What’s The Social Dilemma about?

The documentary premiered at the 2020 Sundance Film Festival and dropped on Netflix pretty much ten days ago. And within that time, it has managed to get a lot of people, including some celebs, talk about why it is an essential watch.

It is your typical documentary, where a bunch of very well known players from Silicon Valley, such Tristan Harris (formerly Google, now the president/co-founder of the Center for Humane Technology), Justin Rosenstein (co-founder of Asana, developed Facebook’s Like button) and academicians like Shoshana Zuboff (Harvard Professor) take the stand, or should I say stool, and talk about how social media started off as being this amazing thing. But it has now morphed into this Frankenstein’s monster, that uses Artificial Intelligence (AI) to understand the psychology of its users and then uses that same information to manipulate them into consuming more ads.

Image: Tristan Harris
Source: Netflix

This isn’t just about generating a bajillion of dollars of revenue though.

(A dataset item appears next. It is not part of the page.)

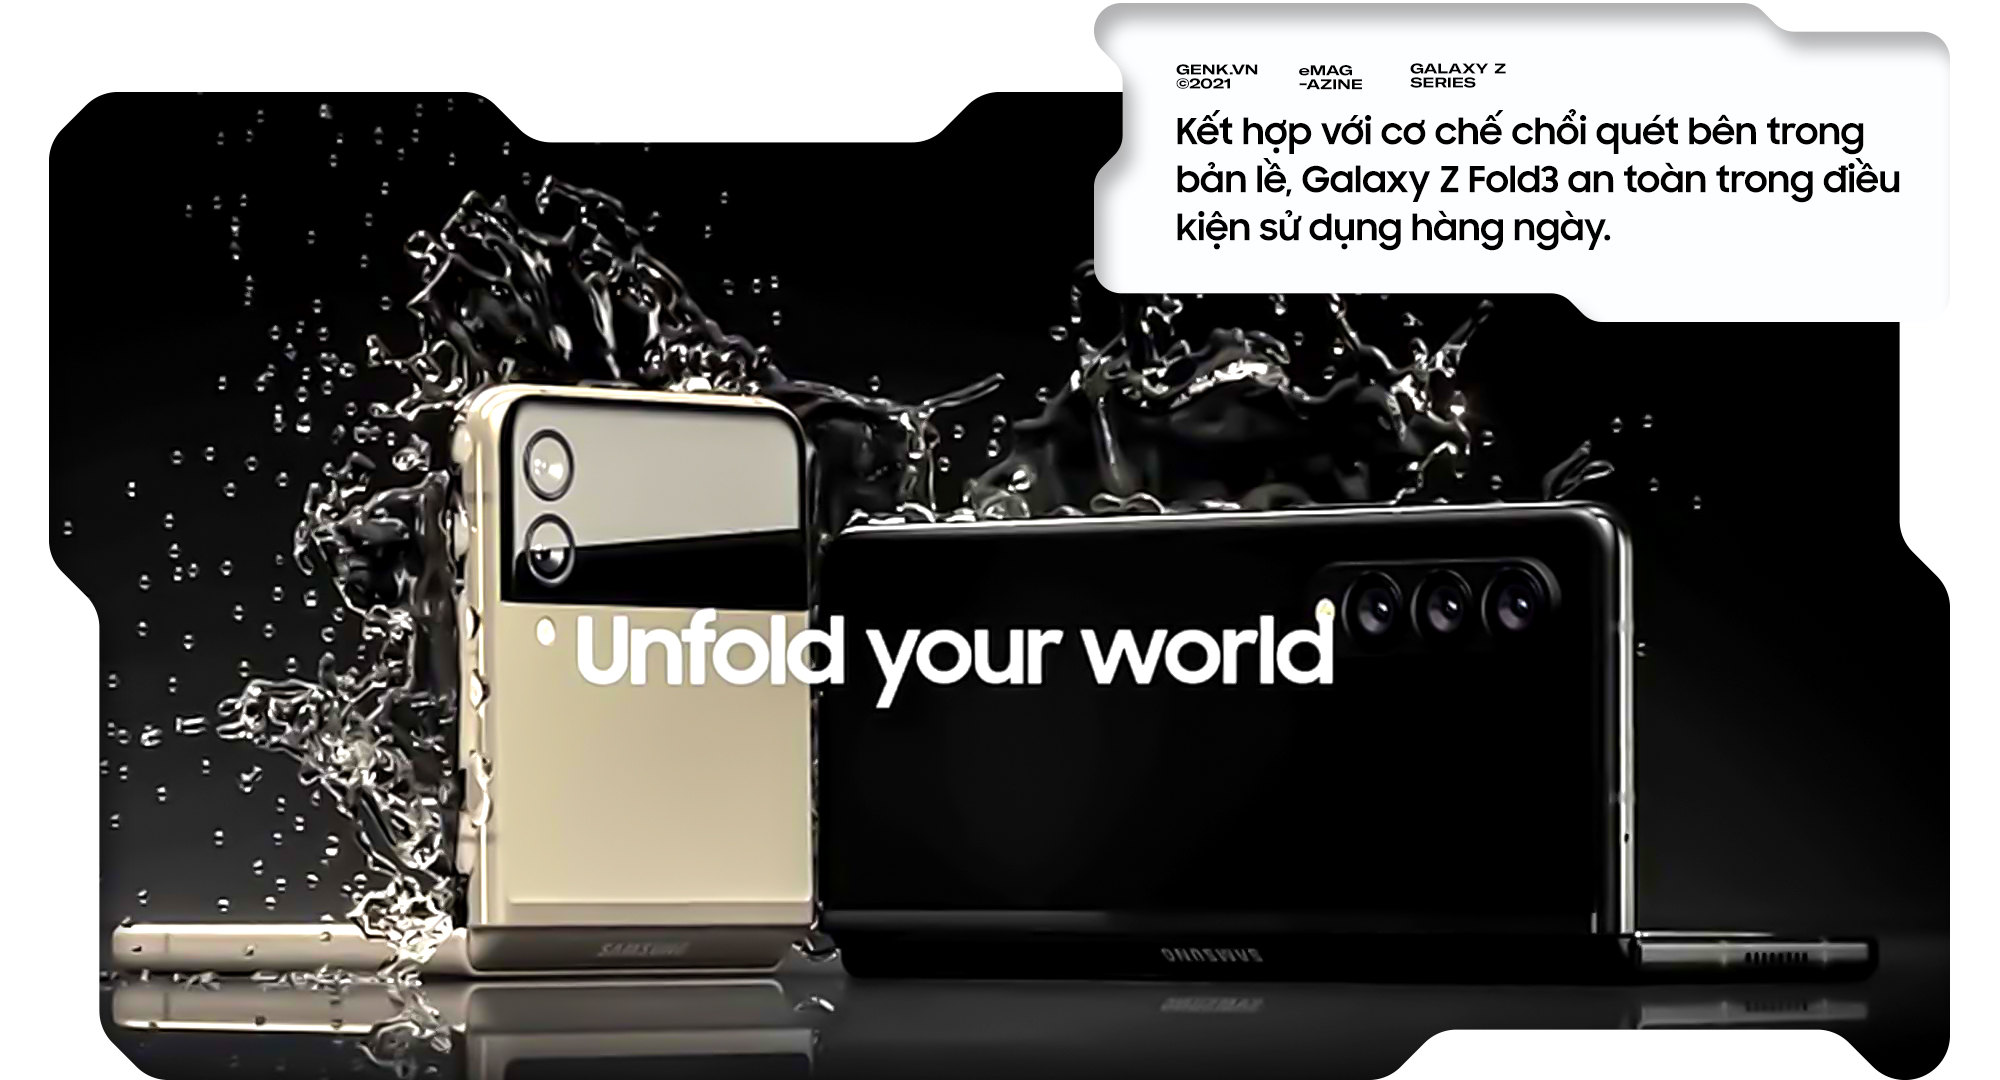 Đánh giá Samsung Galaxy Z Fold3: Khi Samsung hoàn toàn thoát khỏi cái bóng Apple - Ảnh 11.

What the AI is also doing, in some cases subtly and in some rather ostentatiously, is changing the way people think. Through an algorithm that learns from the user itself, it is suggesting as, the naïve users, content that we think we might like, but has an agenda to it that gradually changes how we think about certain concepts. Think of it like a slow-burning inception of an ideology, which after repeated consumption, can turn into full-blown indoctrination.

You think you might be watching harmless cat videos, but next thing you know, the suggested videos you’ve been watching from those videos might have impacted what you think about a particular ethnic minority. We’ve seen that happen when hatred-driven social media trends against a community or particular celebrity are generated. The conviction with which people believe in fake news or the things that are said on the Internet is further proof of how easy it is to change the way people think.

And herein lies the power, right? If you can change the minds of even 1% of the world’ population without them realising it, that is still a huge number in the grand scheme of things. And how do we stop that? That’s the social dilemma.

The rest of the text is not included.